— Хорошо. — Варламов сел.
— Ивана видел? – начал издалека Глебов.
— Видел.
— Возвышенная душа… Но бездомная и изголодавшаяся. Как, впрочем, и твоя. В этом вы очень похожи…
— Его душа уже, наверное, щи хлебает. Тамара Алексеевна их замечательно готовит, — предположил Варламов, явно желая подчеркнуть, что они с Куделкой не одного поля ягодки.
— Не о том говоришь… Не о том… -- покачал головой Глебов. -- Я вот что, намедни, в одной книжице вычитал. — Бывший протоиерей, расстриженный три года назад за регулярные запои и излишний интерес к особам противоположного пола, взял со стола книгу и, открыв на заложенной странице, принялся читать: — И согрел Атман… это, по-ихнему, Бог, — пояснил, — воду и создал пищу. Будучи созданной, пища пожелала ускользнуть от него. Он хотел схватить ее речью, он не смог схватить ее речью. Если бы он схватил ее речью, то можно было насытиться пищей уже произнося речь. Он хотел схватить ее разумом, но не смог схватить ее разумом. Если бы он схватил ее разумом, то можно было насытиться пищей уже размышляя о ней. Он хотел схватить ее детородным органом, но не смог схватить ее детородным органом. Если бы он схватил ее детородным органом, то можно было бы насыться пищей уже изливая семя...
— И чем же он ее схватил? — нетерпеливо поинтересовался Варламов. Привычка отца Анатолия обо всем говорить иносказательно обычно забавляла его, но сегодня ему было не до этого.
— Сердцем. — Глебов немного помолчал. -- Вот, что я имел ввиду, говоря о вас с Куделкой, -- сказал задумчиво после небольшой паузы.
— Ты меня хотел видеть? — предусмотрительно перешел в реальную плоскость Варламов, решив таким образом ограничить рамки разговора.
— Я хотел увидеть твои глаза.
— Увидел?
— Увидел. Плохо же, однако, тебе. — Глебов достал два граненых стакана и бутылку "Столичной".
— Нет! — замахал руками Варламов. — Я на днях уже того… До сих пор в себя прийти не могу.
— Не упорствуй, со мною можно. За упокой рабы Божьей Анастасии… — Хозяин уверенным движением наполнил стаканы и, вознеся глаза к потолку, выпил.
-- Хорошо, за это выпью, -- согласился Варламов и выпил тоже.
Закусили хлебом и репчатым луком.
— Дзен. Ничего нет, — покраснев лицом, проговорил Глебов и уставился в стену. — Бодхихарма прав. И апостол Павел тоже…
Варламову захотелось домой.
-- Ладно, мне пора, -- сказал он и попытался встать.

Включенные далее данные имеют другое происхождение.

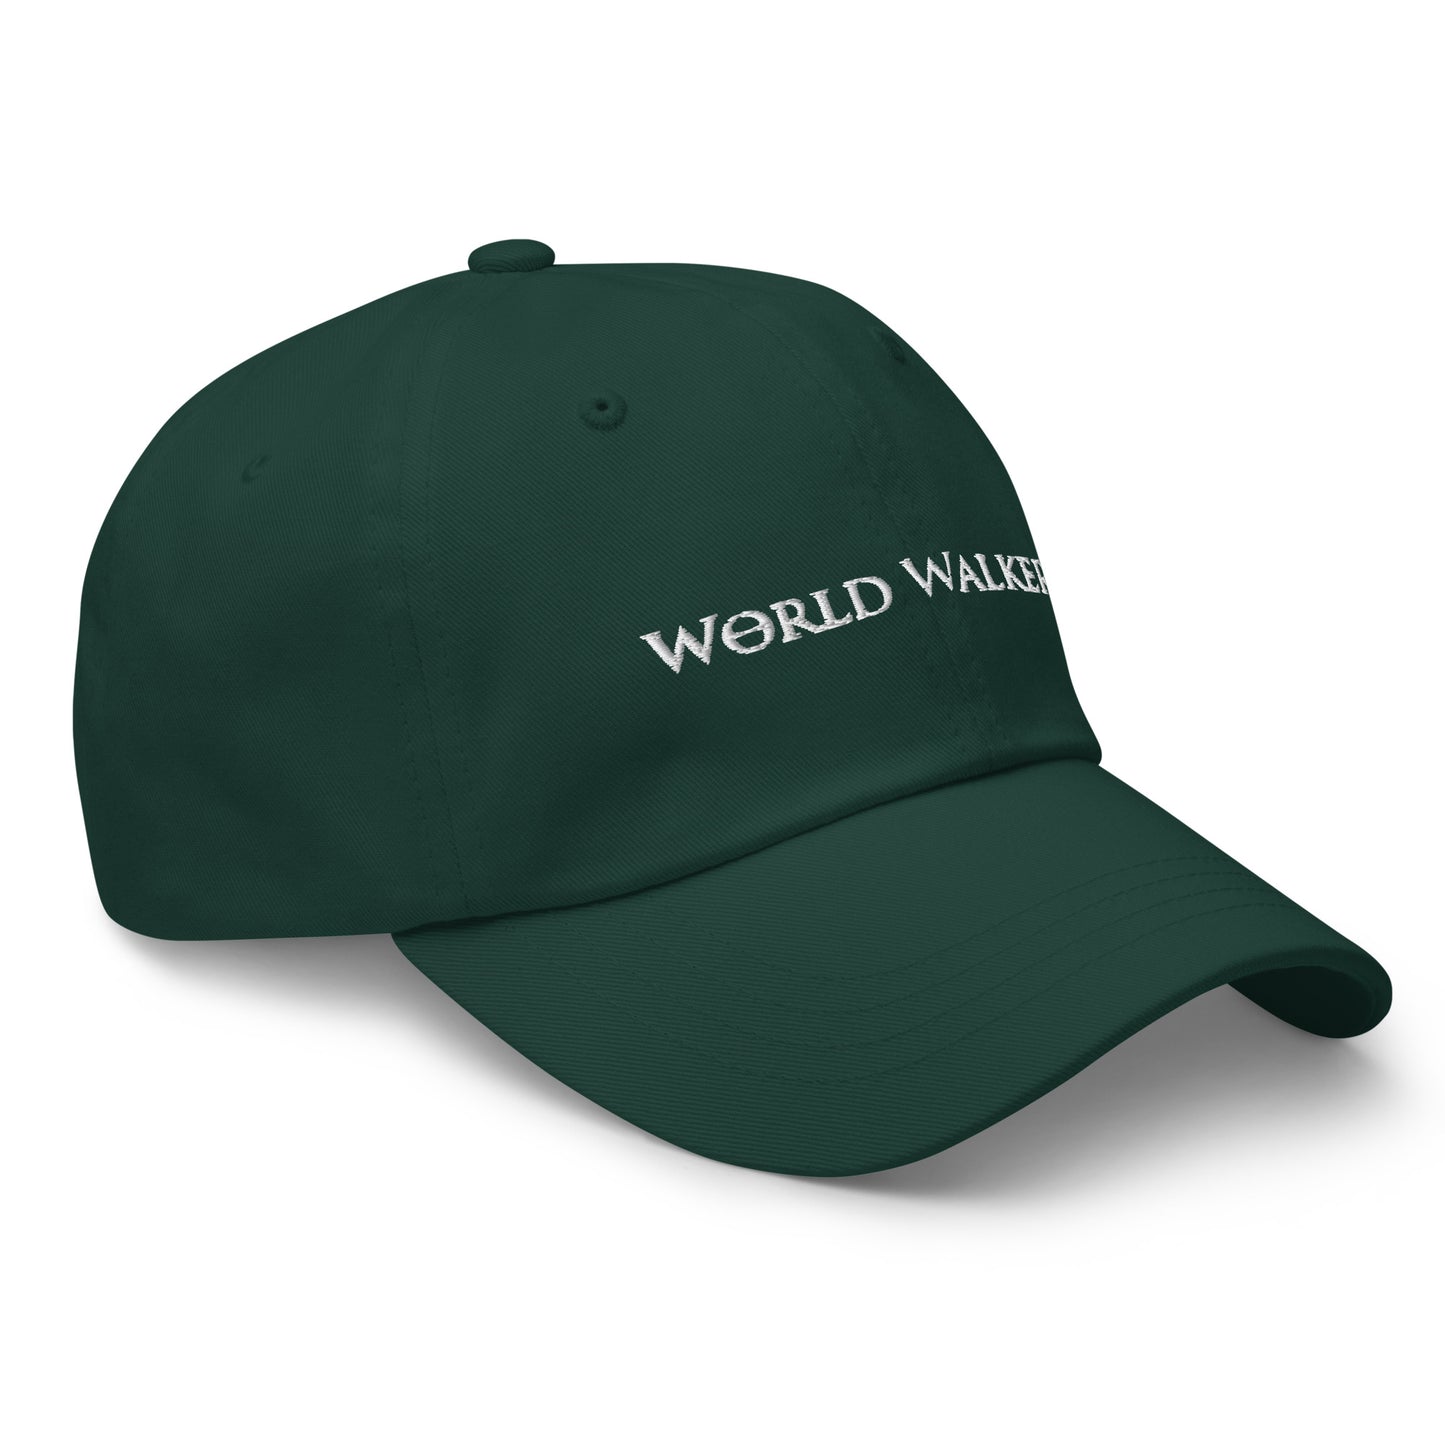 World Walkerz Hat
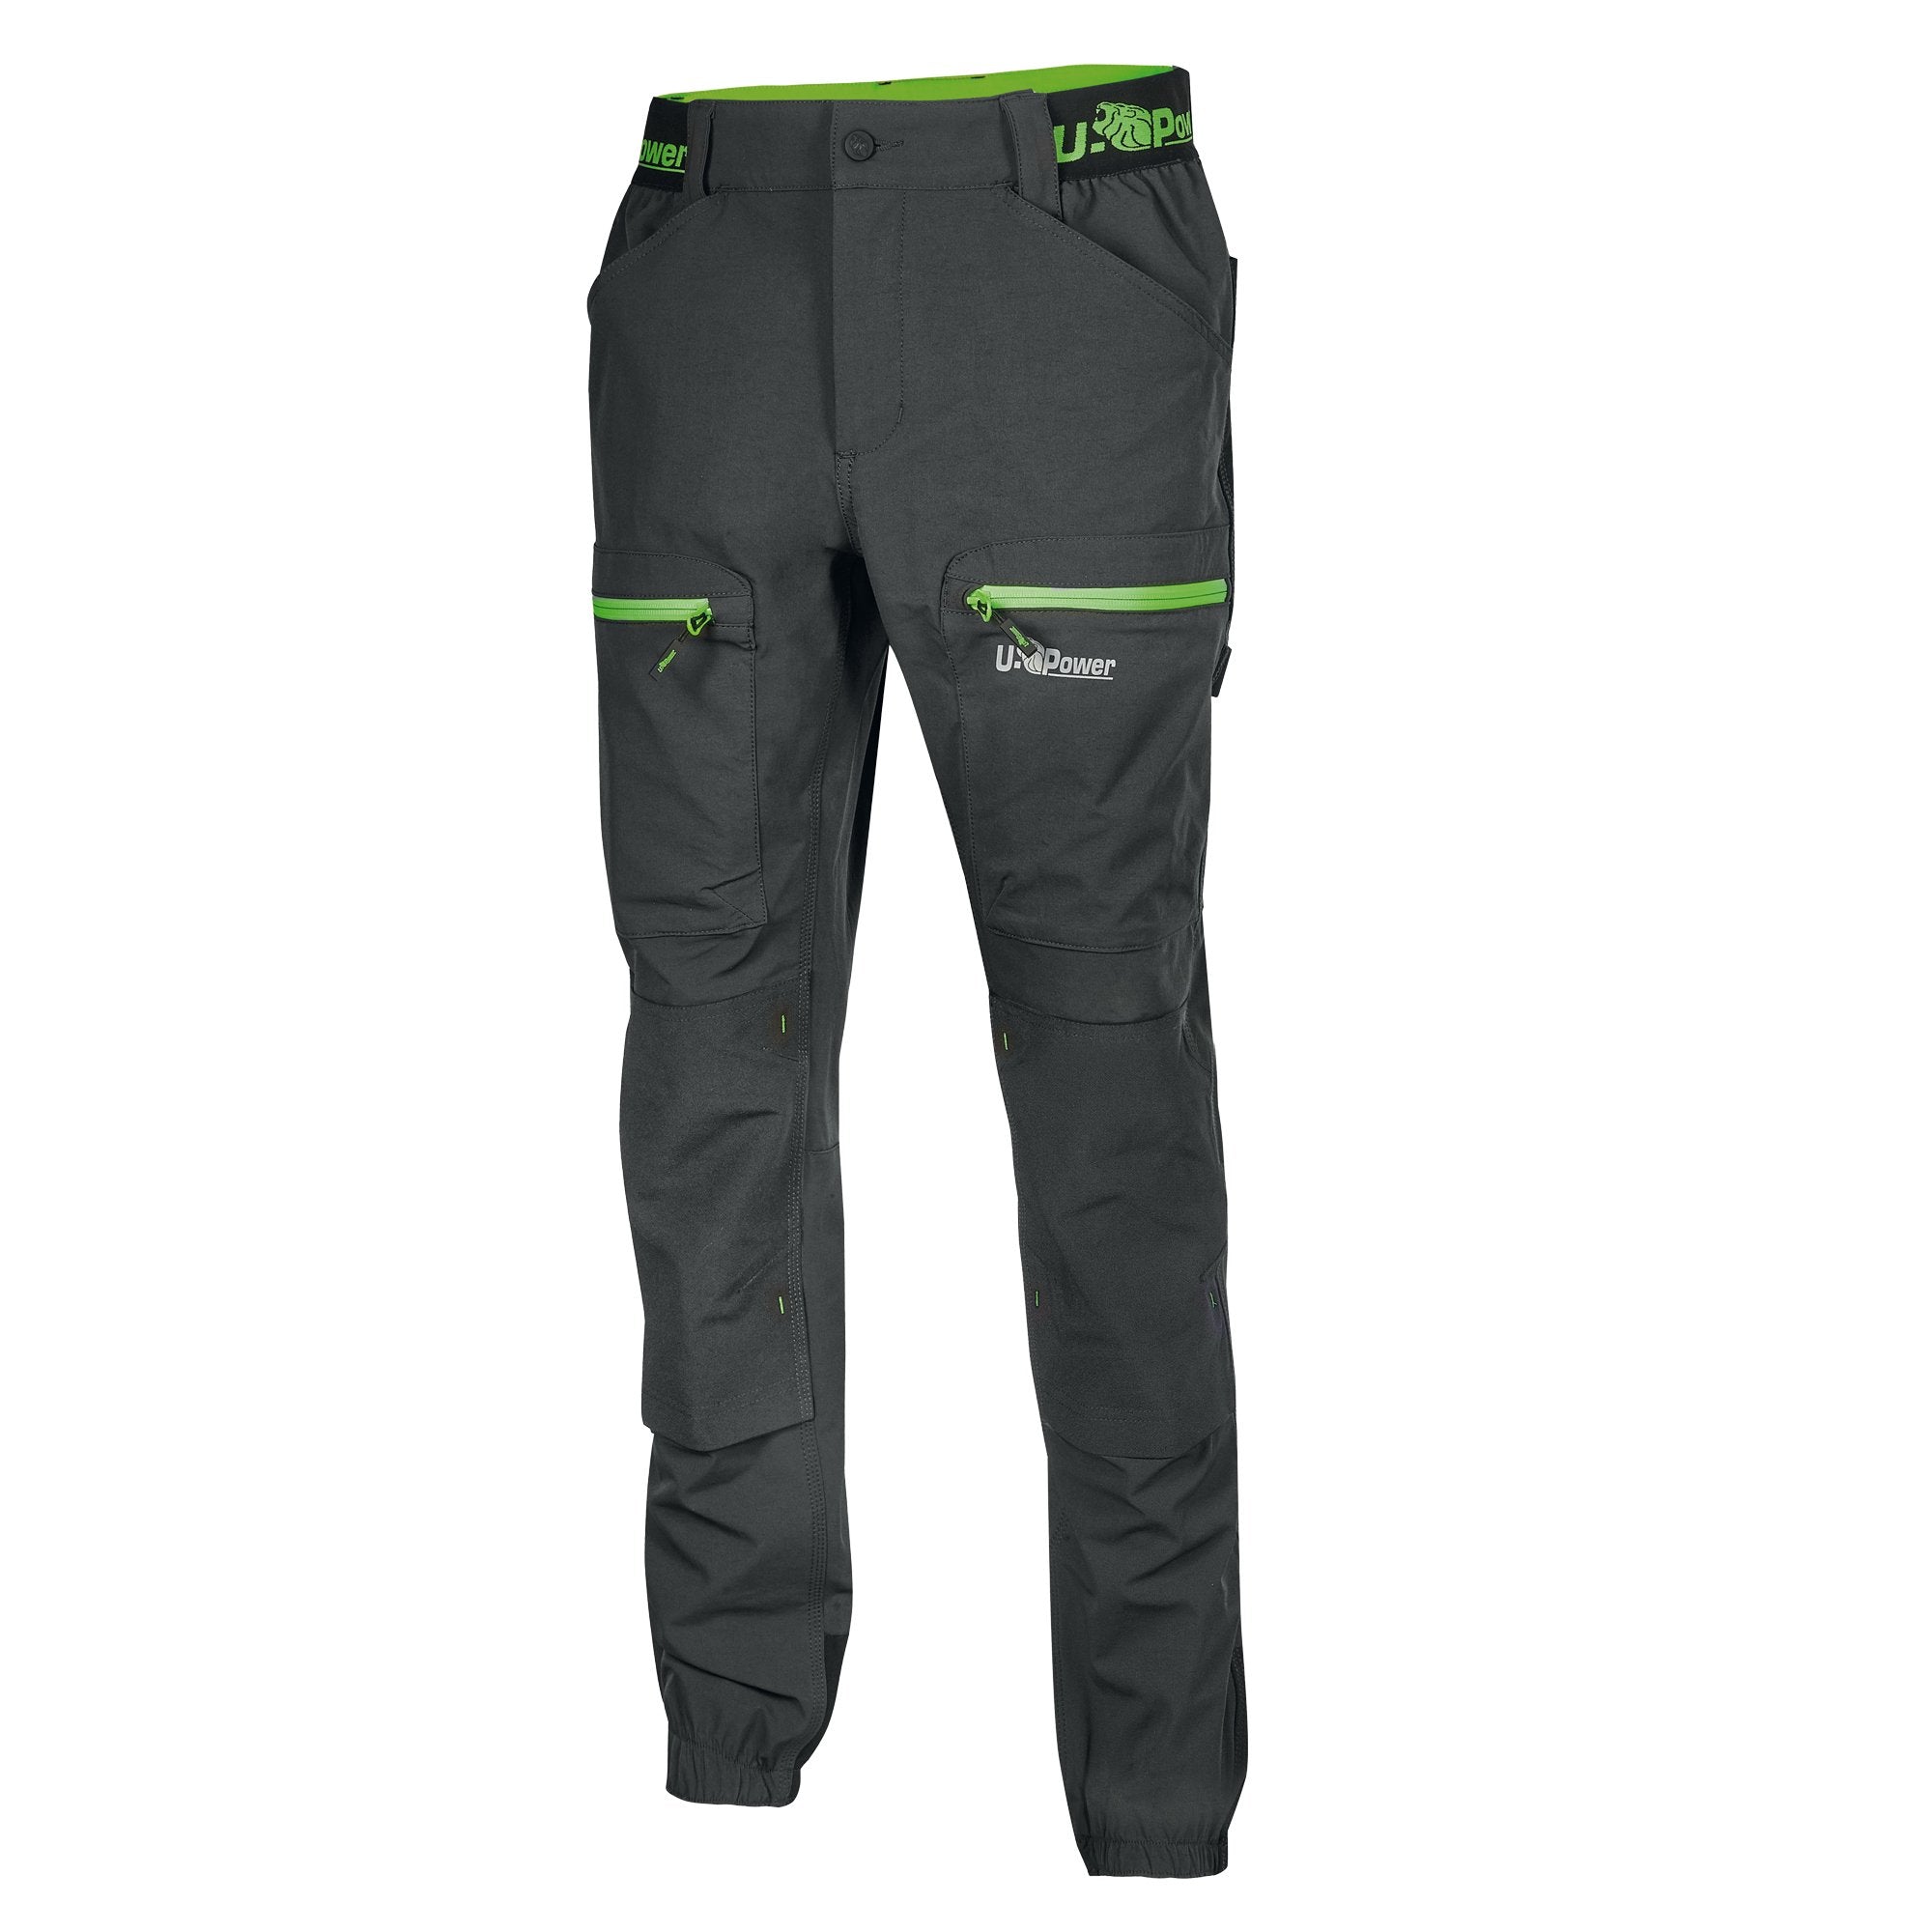 u-power-pantaloni-lavoro-harmony-taglia-xxl-grigio-verde

-- Сиди. –- Тяжелая рука Глебова легла ему на колено. –- Ты, я вижу, совсем себя потерял. А это -- не шуточное дело. Ох, не шуточное. Тебе нужна помощь –- самому тебе из всего этого не выкарабкаться.
Варламов почти минуту молчал.
-- Ты прав, отец Анатолий, я себя потерял. Уже давно. Смерть Насти была лишь последней каплей. –- Варламов вновь помолчал. -- Все началось значительно раньше, –- вдруг нестерпимо захотелось выговориться ему. -- Наверное, когда мне пришлось оставить хоккей. Это меня надломило. Я слишком много поставил на спорт. У меня были реальные перспективы играть в лучших клубах страны. Уже были предложения. Но судьба сыграла со мною злую шутку –- на тренировке я сломал голень. Перелом оказался очень сложным. Три операции, и в конце концов заключение врачей: хоккеистом мне больше не быть. Два года я отвалялся на диване в состоянии страшнейшей депрессии. Не знаю, как Настя все это пережила? Затем я пробовал заняться серьезным бизнесом. Неудачно. Вновь депрессия. И вот, наконец, я частный извозчик. –- Варламов криво усмехнулся. -- Но я обязательно возьму себя в руки. Обязательно! Я найду себя… -- на его скулах заходили желваки. -- Мне ведь еще растить дочь. Да и возраст критический –- тянуть больше некуда…
-- Вот и я об этом. Поиски себя –- дело нужное, но есть в этом занятии одна загвоздка: когда отправляешься на поиски себя, всегда есть опасность встретить самого себя. Не всем под силу пережить эту встречу. Я хотел тебя предупредить об этом. Мне было видение… -- Глебов замолчал, глядя куда-то сквозь стену. Казалось, он впал в транс.
-- Я все же пойду… -- Сняв с колена руку дворника, Варламов встал.
—– Тебя ждут большие испытания на этом пути. В конце концов, ты или поймешь, что не все во власти человека, или погибнешь… -- вновь ожил Глебов.